Si queremos un futuro habitable para Mesoamérica, de arranque necesitamos repensar la relación entre el norte y el sur. El modelo concéntrico del mundo, que concibe el progreso planetario como obra de sucesivas oleadas civilizatorias provenientes de unos cuantos polos metropolitanos, está en crisis. La modernidad que queremos no es la que se difunde desde un centro, como las ondas que provoca en el estanque la caída de una piedra. Proverbial ámbito de descubrimiento y colonización, el sur viene de regreso. Y no se trata sólo del multitudinario éxodo sudaca que fluye a contrapelo de las viejas migraciones, se trata también de la colonización de los imaginarios norteños por la cultura tercermundista, del cerco espiritual a las metrópolis por un sur que exporta paradigmas y utopías como antes exportaba grana cochinilla y maderas preciosas.

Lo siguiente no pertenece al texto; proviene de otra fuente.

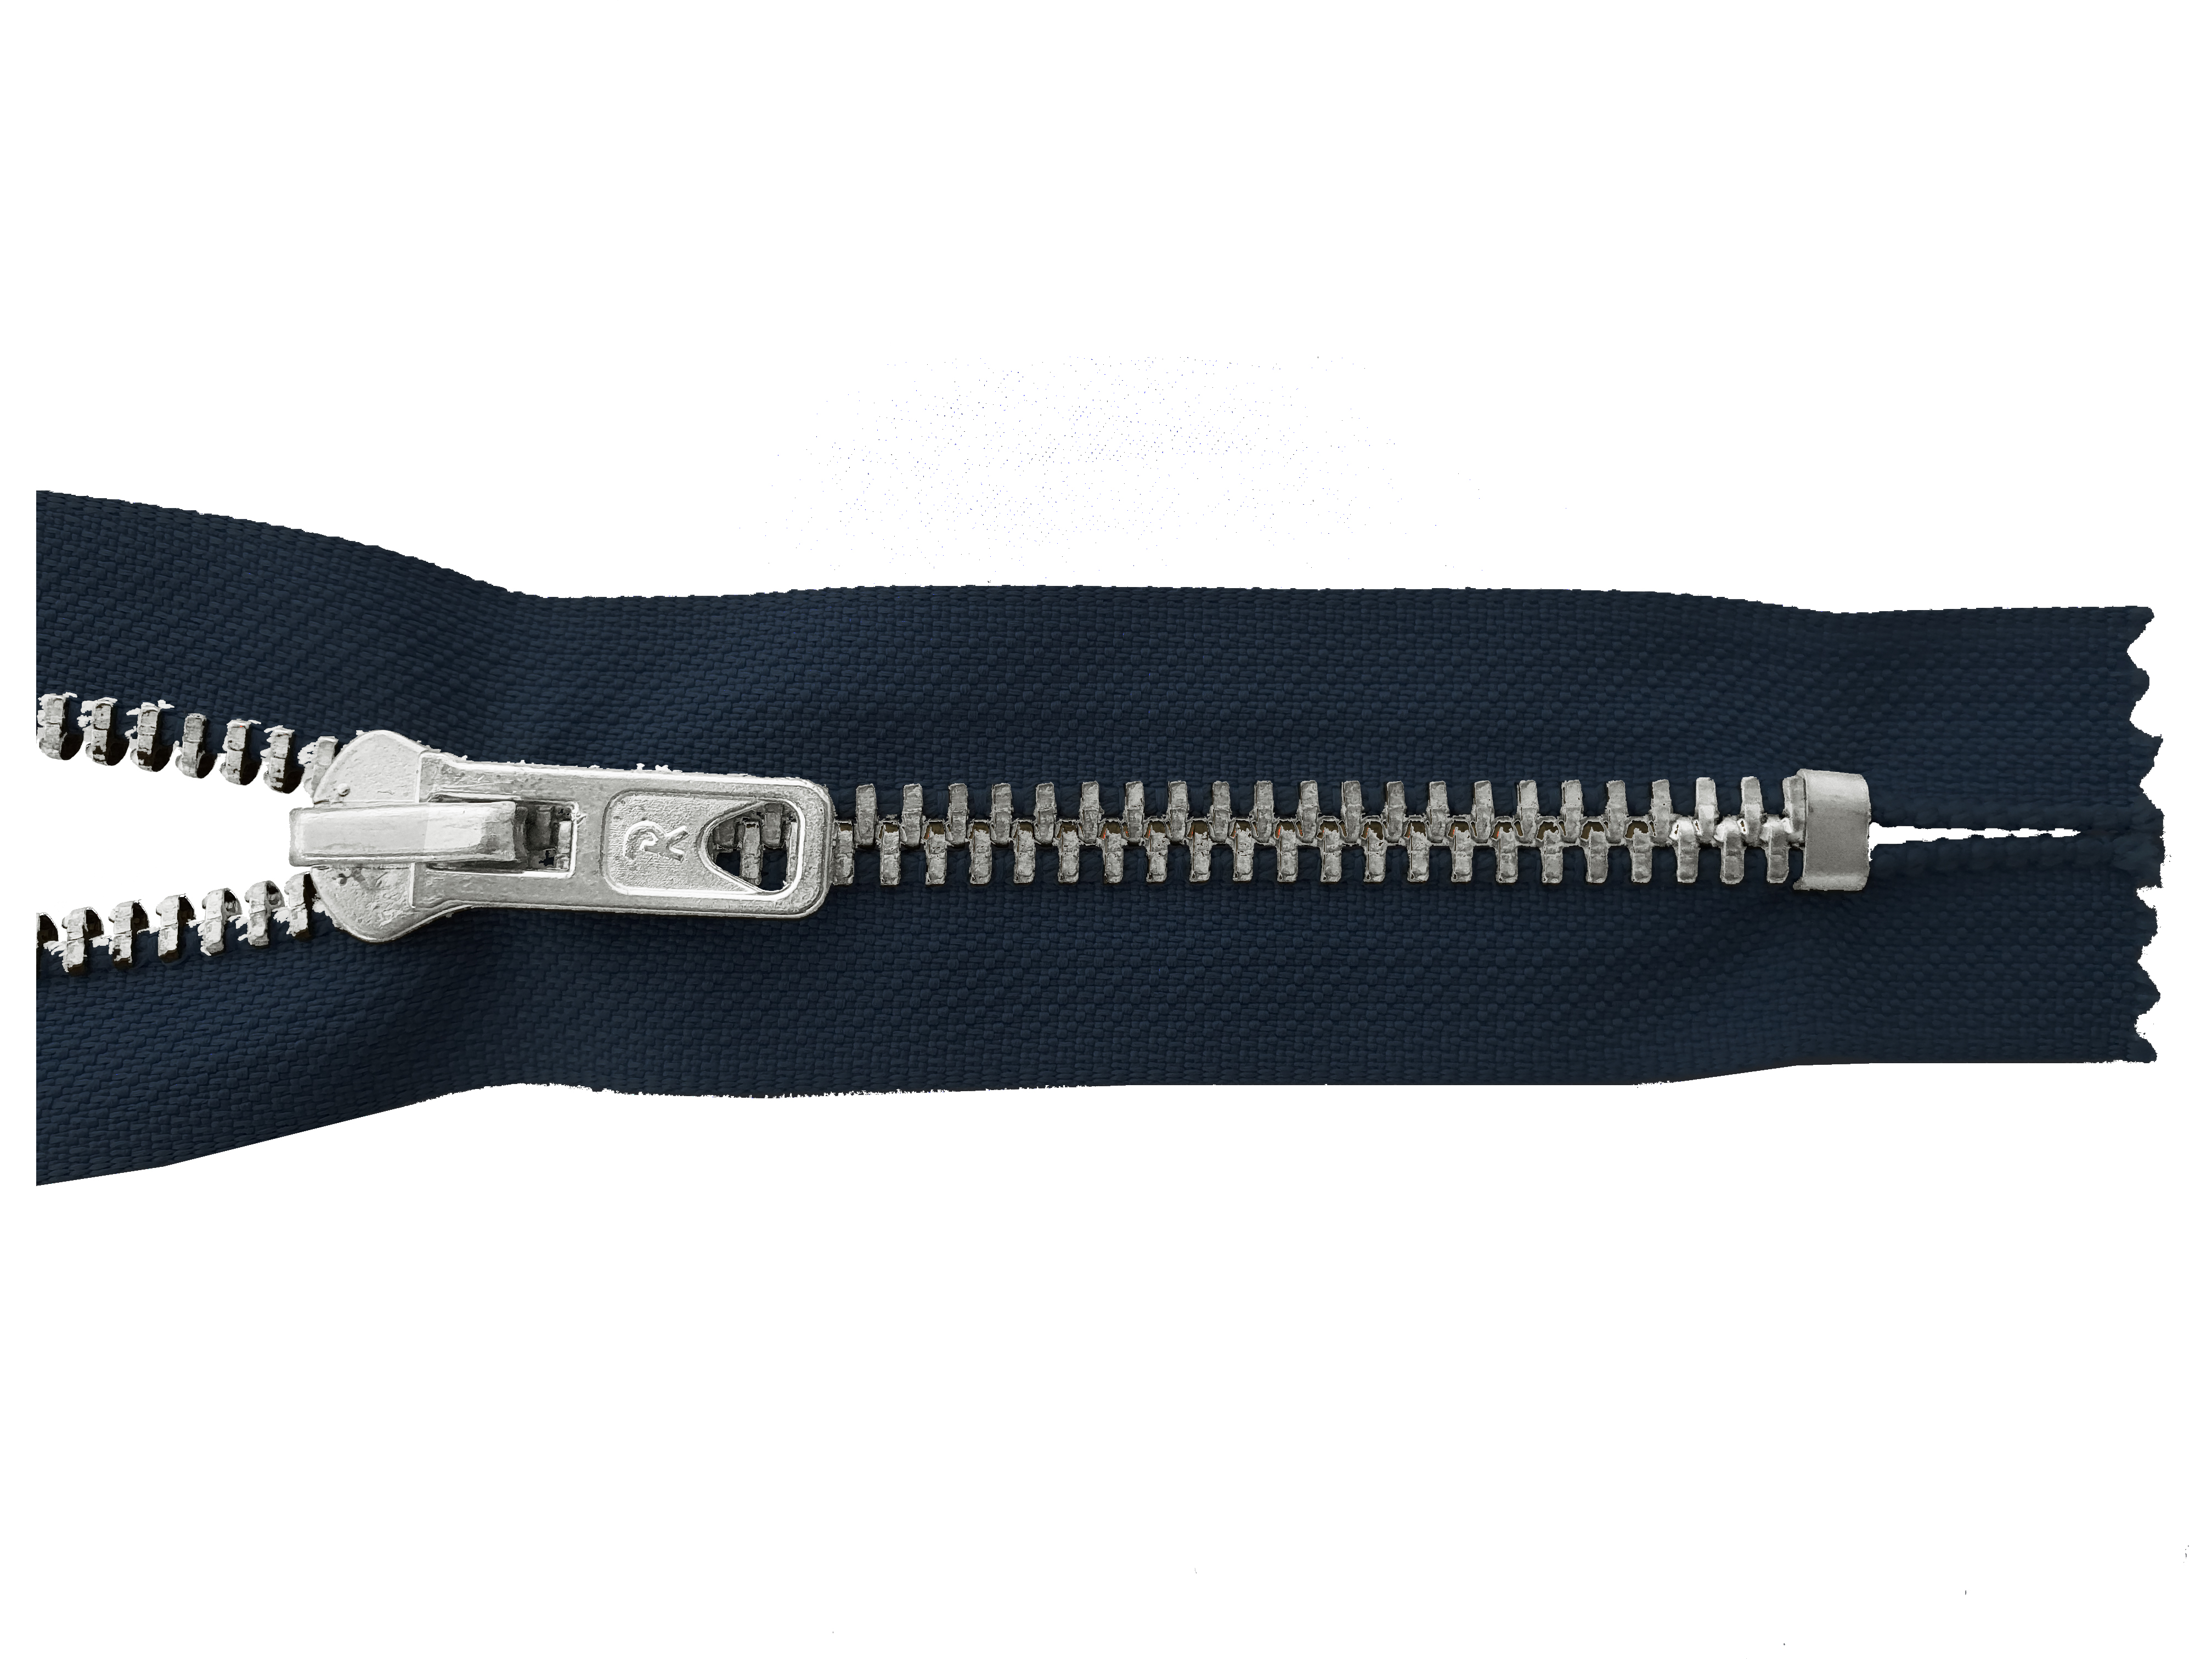 Reißverschluss breite Zähne (8mm), schwarz, 80cm nich teilbar,Metallzähne silberfb nickelfrei, hochwertiger Marken-Reißverschluss von Rubi/Barcelona

Pero tampoco se trata de invertir la metáfora y voltear el mapamundi. El reto de la globalización alternativa es erradicar las hegemonías y el pensamiento único; es concebir y edificar un mundo descentrado o multicéntrico, al modo del estanque acribillado por la lluvia donde se cruzan incontables ondulaciones. Y para transformar la globalidad hegemónica en una red de redes es necesario subvertir ideas rancias. Por ejemplo, la de que así como hay hombres centrales y modernos, otros somos periféricos y anacrónicos, es decir que el mundo se divide en los privilegiados del norte que viven en el presente y los desahuciados del sur que habitamos el pasado; cuando lo cierto es que en el tiempo de la comunicación instantánea y los éxodos planetarios todos somos rigurosamente contemporáneos… En el mundo de la absoluta interioridad o nos salvamos todos o no se salva ni dios. Otra idea a desechar es el socorrido prejuicio de que la economía es dura y la sociedad blanda, de modo que las aspiraciones humanas deben plegarse al inapelable fallo del mercado. Es más, piensan algunos, si el mercado ha de proveer, las aspiraciones humanas salen sobrando. Lo cierto es que en la centuria pasada imperó la desalmada economía, nos toca a nosotros domesticar producción y circulación, haciendo del XXI el siglo de la sociedad.

La América de enmedio

Formada por Panamá, Costa Rica, Honduras, Nicaragua, El Salvador, Guatemala y Belice, y los estados mexicanos de Campeche, Yucatán, Quintana Roo, Chiapas, Tabasco, Oaxaca, Guerrero, Puebla y Veracruz, la región se extiende sobre 102 millones de hectáreas, donde habitan 64 millones de personas, de las cuales casi la mitad vive en el campo, alrededor de 40% trabaja en la agricultura y 18% es indígena. Pero la más destacable y compartida seña de identidad es que más de 60% de los mesoamericanos son pobres. Miserables en medio de una alucinante riqueza biológica: mil 797 especies de mamíferos, 4 mil 153 de aves, mil 882 de reptiles, 944 de anfibios, mil 132 de peces, 75 mil 861 de plantas, e incontables microorganismos, configuran un opulento corredor biológico en proceso de formalización internacional. Sin embargo, tanto la flora como la fauna son depredadas para la venta ilegal de mamíferos, reptiles y plantas, sobre todo orquídeas. El bosque se pierde aceleradamente: 11 millones de hectáreas entre 1992 y 1996. Deforestación que es particularmente grave en la porción mexicana: en 1960 la selva Lacandona tenía 1.5 millones de hectáreas arboladas y 12 mil habitantes, hoy le quedan 325 mil hectáreas con árboles pero la ocupan 215 mil habitantes. Esta riqueza biológica es posible, entre otras cosas, por la abundancia de agua dulce, que en sí misma es un recurso estratégico.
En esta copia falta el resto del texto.